On Mar 26, 2010, at 7:48 PM, Chuck Anderson wrote:

> If you have 2 network jacks next to each other in a conference room, 
> do they each get configured as a separate "user"?

Indeed, most of the buildings have a 'community room' like that -- but all the 
deployed ports (unless ordered differently) will get incrementing-vlan 
assignments, so indeed, they'd be different vlans back to l3 core. 

> What happens if a 
> user connects them together?

Nothing, basically, as the network from edge port towards IP edge is (or should 
be) loop-free. The router will hear DHCP req's on 2x ints, but the client will 
(should) pick the first-heard response. Depending on the DHCP client 
implementation, it may wedge/break, but I haven't encountered one in testing. 
For higher-availability from edge towards IP core, LACP/PAGP provides 
link-independence, and UDLD/802 OAM provide something of a decent safety-net 
for breakage detection in metro-spans over other providers/resellers. 

> What happens if a user plugs a desktop 
> switch into one of them, then connects two ports on *that* switch 
> together?

In my example config, bcast or mcast over 100 pps shuts the port that's 
receiving the bcast or mcast's down -- but, that's a configurable action.
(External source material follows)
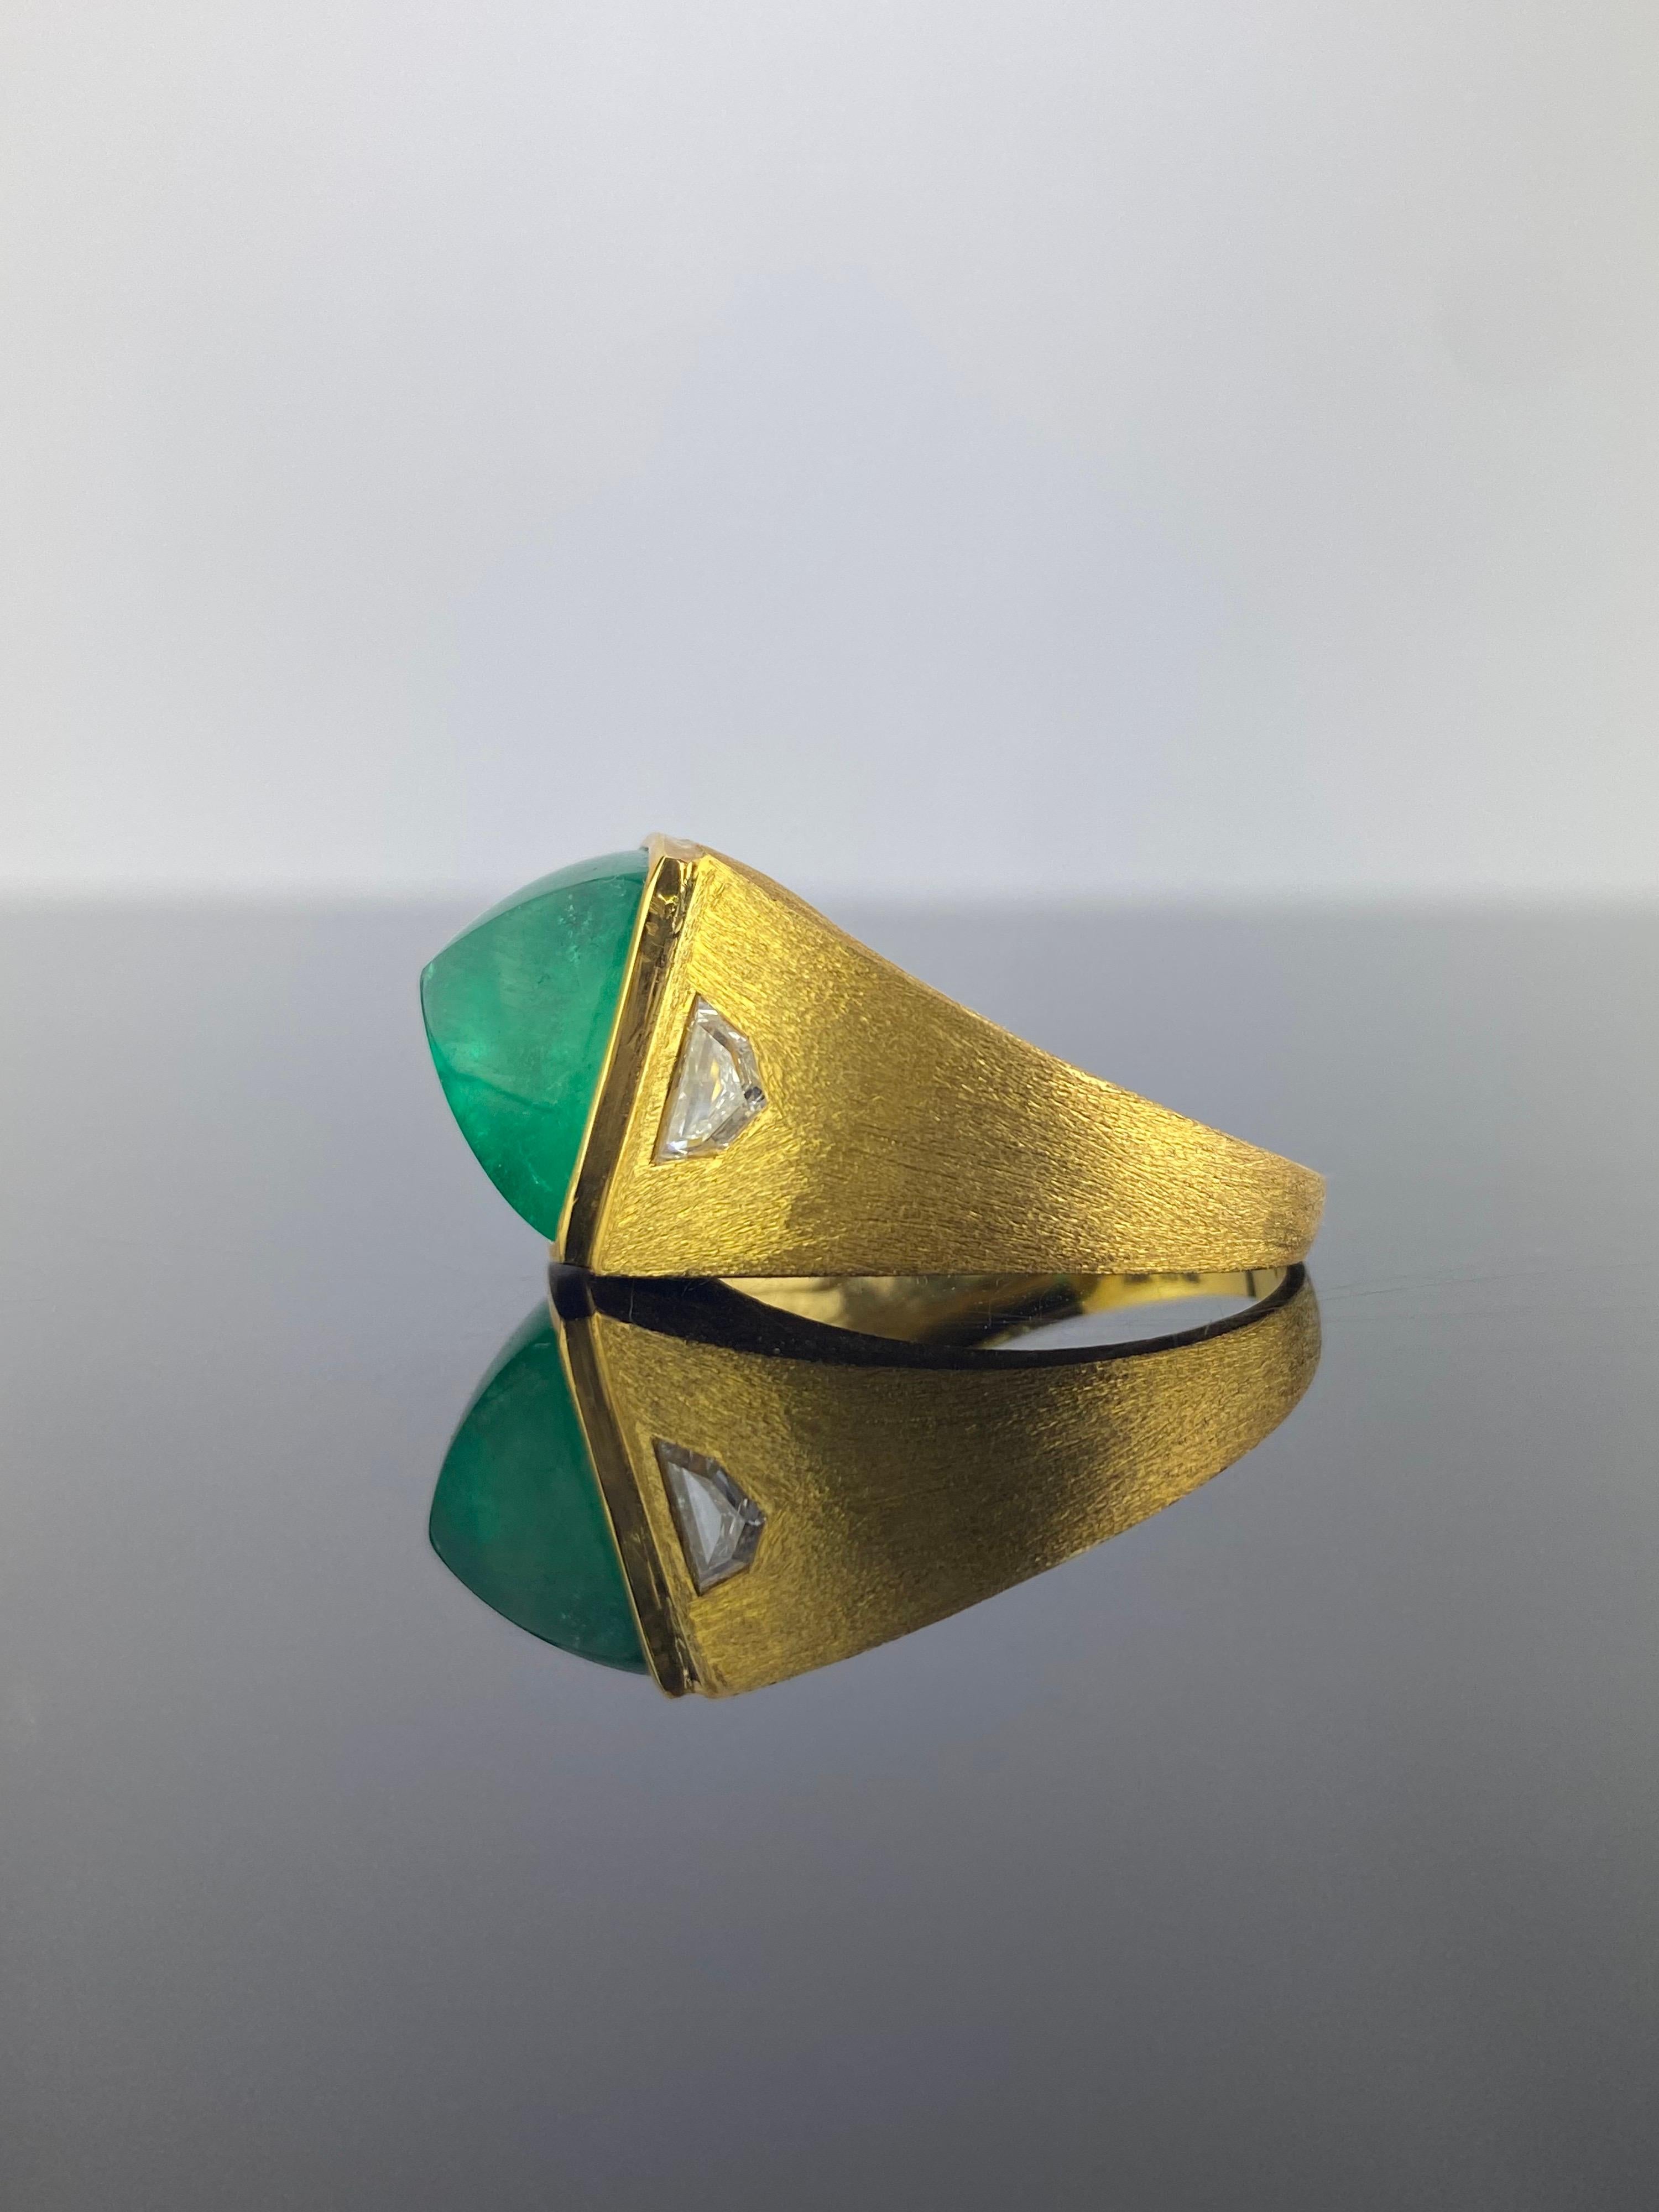 A stunning, antique style, 8.75 carat sugarloaf Colombian Emerald and 0.61 carat Cadillac shaped Diamond signet ring, currently sized at US 7, but can be altered. The stones are set in solid 18K Yellow Gold. 
We provide free shipping. Returns

It 
could discard them, police them, or just report a syslog/trap to the NMS... Of 
course, this is all switch-vendor specific, etc.

> Would this work in a collapsed L2/L3 core (no agg, no L3 at edge)?

Oh, indeed -- and is. The UTOPIA network (http://www.utopianet.org/) in SLC, 
Utah, is doing basically this for it's ISP-reseller tiers. ISP's get customers 
on vlans or Q-stacked vlans, and do what they will with it. The ISP's I've 
talked with have tended to use Juni ERX for this, but there's nothing stopping 
one from using IOS, or another vendor that can do this trick. It just implies 
something to consider in the layer2 transport network (support for man l2 addrs 
in cam, QinQ, etc) at design-time.

> When doing 1:1 VLAN:Port mapping, can you do more than 4096 
> VLANs/ports?  Or are you doing QinQ?

Indeed -- q-stacking enables this. In most cases, I don't backhaul more than a 
few hundred vlans per building -- if it's over 200 to 250 ports/jacks, I 
generally drop local 3550/3560/3750 or cpu-based boxes on-site, routing towards 
the metro edge/backbone.

> Cool, but I'm not sure this will work in my non-Cisco campus 
> environment with 10,000 edge ports.

Ahh; a pickle. C and J do indeed enable this in many of the popular boxes, 
which is great. That's not to say other vendors don't have something like 
it--the concept is perhaps the most valuable bit to discuss here, imho; the 
vendor-particulars are less important.